談志が本当に伝えたかったこと

▼筋トレと談志の共通項1 :「むちゃぶり」
ベンチプレスは現在120キロを上げる

筋トレは「むちゃぶり」が基本です。冒頭で私はベンチプレス120キロを上げると申しましたが、スタートは20キロからの重さからでした。今持ち上げられる6分の1の重さですが、最初の頃は翌日胸に筋肉痛が起こったものです。
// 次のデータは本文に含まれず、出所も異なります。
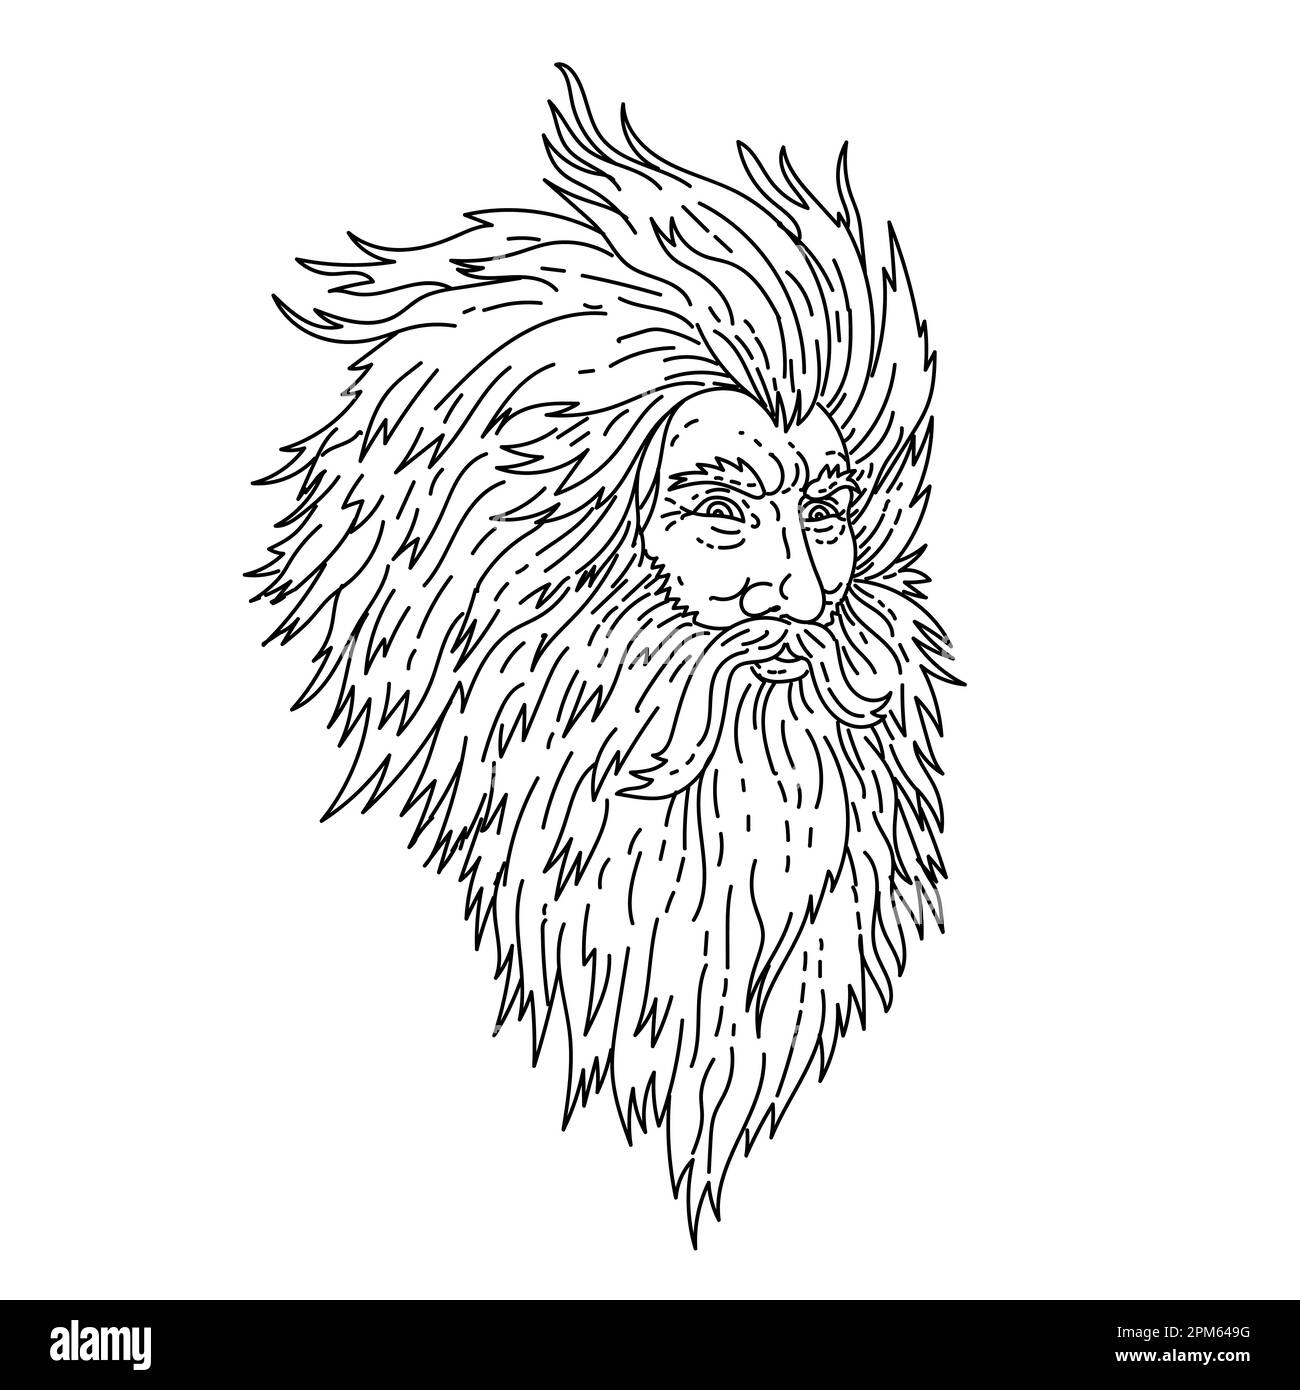 Illustrazione in linea singola della testa del dio greco arrabbiato Zeus o del Dio romano Giove con la barba fatta in stile d'arte di disegno in linea monolina. Foto Stock

しかし次第に重さに慣れていくので、25キロ、30キロ、35キロとどんどん重さを増やしていき、身体に「むちゃぶり」していくのです。自分の成長ぶりが重さという形で数値化されるのは、ものすごい励みになります。数値化は客観化でもあり、60キロのベンチプレスが精いっぱいの人にしてみれば、80キロ上げる人は憧れであり、100キロ上げる人はさらにまぶしく見えるものです。

談志もまさに「むちゃぶり理論」を実践している人でした。弟子には「踊りを五曲覚えろ」「歌を十曲覚えろ」とむちゃぶりをします。しかも、それをそのまま「はい、踊りを五曲覚えました」「歌を十曲身につけました」と弟子が返しているうちは、永久に昇進させないのです。

ダンベルの重さに筋肉が追いつくように生きる

これは「『いろは』を覚えて来いと言って、『いろは』と言ってどうするんだ」というのと同じです。談志が言いたかったのは「『いろは』の先にはまだいろいろあるだろう。『いろはにほへとちりぬるを』と。その先が見えないうちは、認めない」ということでした。

前座の頃、ここでつまづいた私は、ある日「倍返し」を思いつきました。

「踊りを五曲」と言われたら十曲を、「歌を十曲」と言われたら二十曲をと、談志のリターンに対してリターンエースを、むちゃぶりに対してむちゃぶり返しを試みたのです。すると、向こうは私に対するそれまでの評価を変えてくれたのでした。「やっとお前も俺と同じ価値観になったな」と。師匠はダンベルの重さに筋肉が追いつくように、私がむちゃぶりに追い付くのをずっと待ってくれていたのです。